Now, let's find the value of y by fourth equation.

$\sf \dashrightarrow 3x - 2y = 1$

$\sf \dashrightarrow 3 \bigg( \dfrac{5 - 2y}{3} \bigg) - 2y = 1$

$\sf \dashrightarrow \dfrac{15 - 6y}{3} - 2y = 1$

$\sf \dashrightarrow \dfrac{15 - 6y - 6y}{3} = 1$

$\sf \dashrightarrow \dfrac{15 - 12y}{3} = 1$

$\sf \dashrightarrow 15 - 12y = 3$

$\sf \dashrightarrow -12y = 3 - 15$

$\sf \dashrightarrow -12y = -12$

$\sf \dashrightarrow y = \dfrac{-12}{-12}$

$\sf \dashrightarrow y = 1$

Now, let's find the value of x by third equation.

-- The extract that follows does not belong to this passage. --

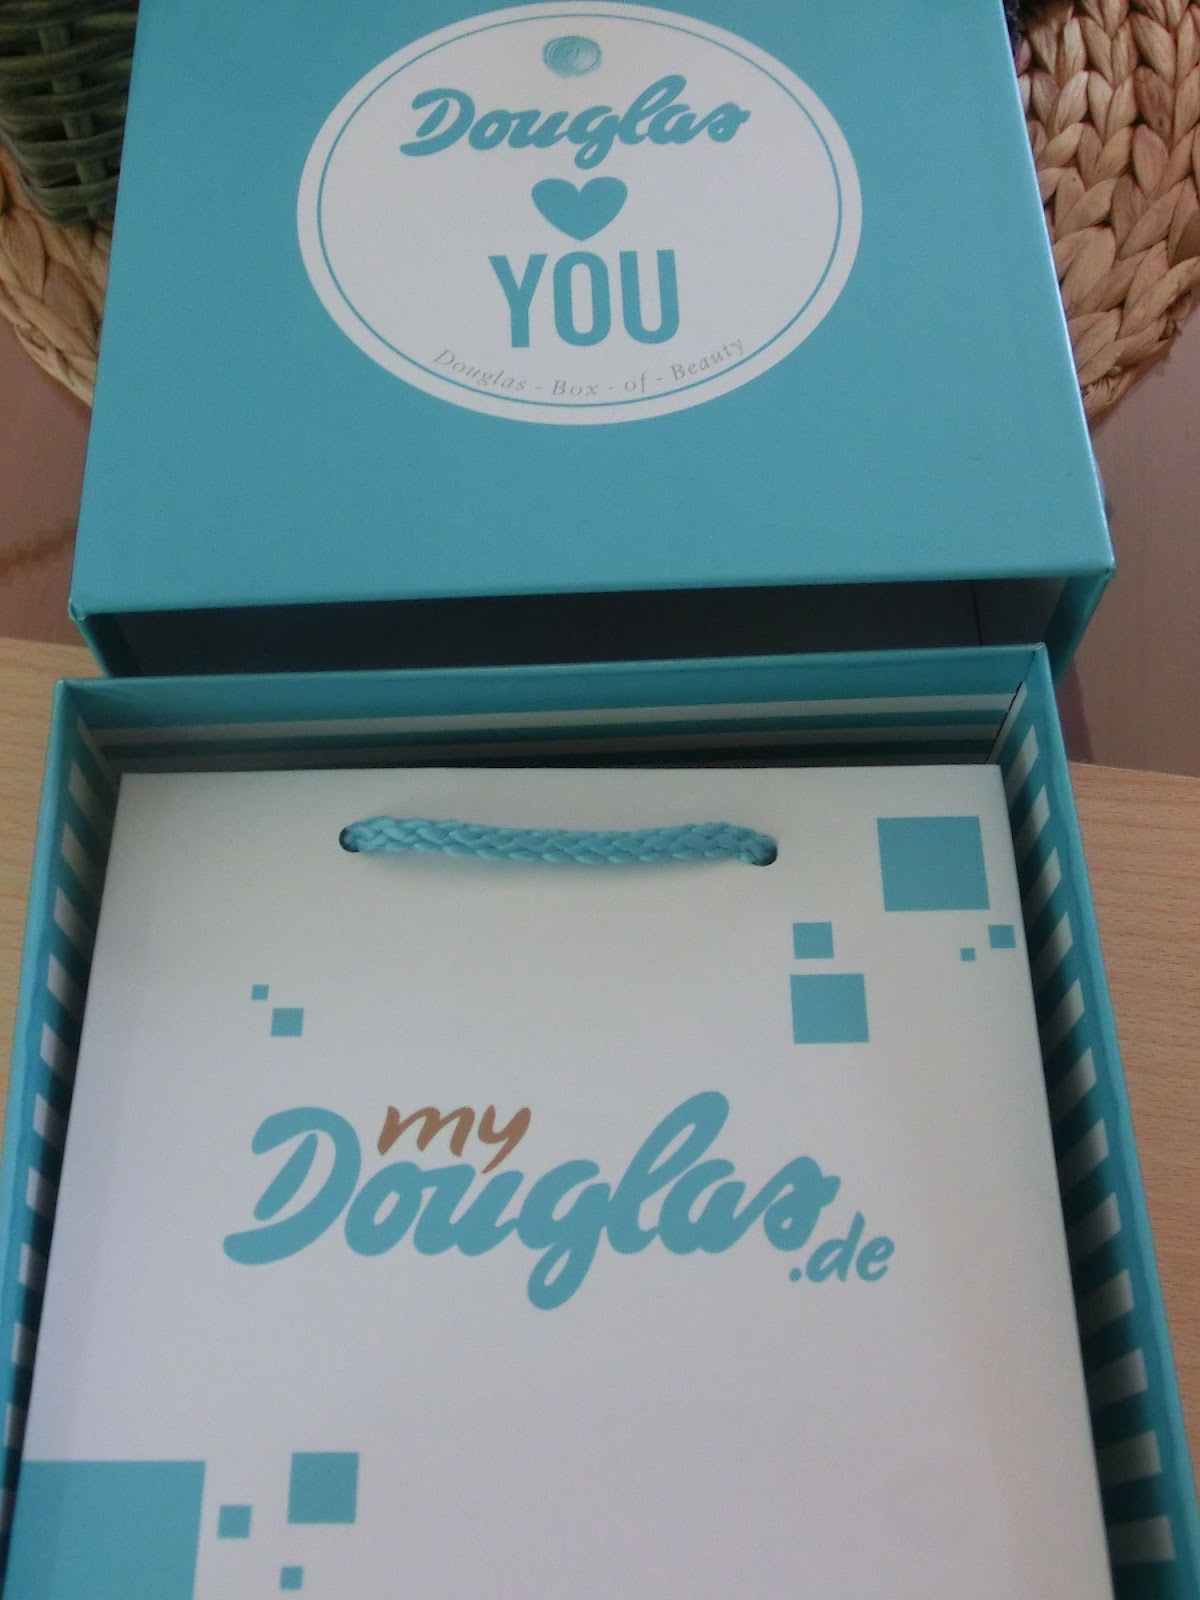 ae67e98b5 elassunnyside: Douglas Box of Beauty Juni

$\sf \dashrightarrow 3x + 2y = 5$

$\sf \dashrightarrow 3x + 2(1) = 5$

$\sf \dashrightarrow 3x + 2 = 5$

$\sf \dashrightarrow 3x = 5 - 2$

$\sf \dashrightarrow 3x = 3$

$\sf \dashrightarrow x = \dfrac{3}{3}$

$\sf \dashrightarrow x = 1$

Hence, the values of x and y are 1 and 1 respectively.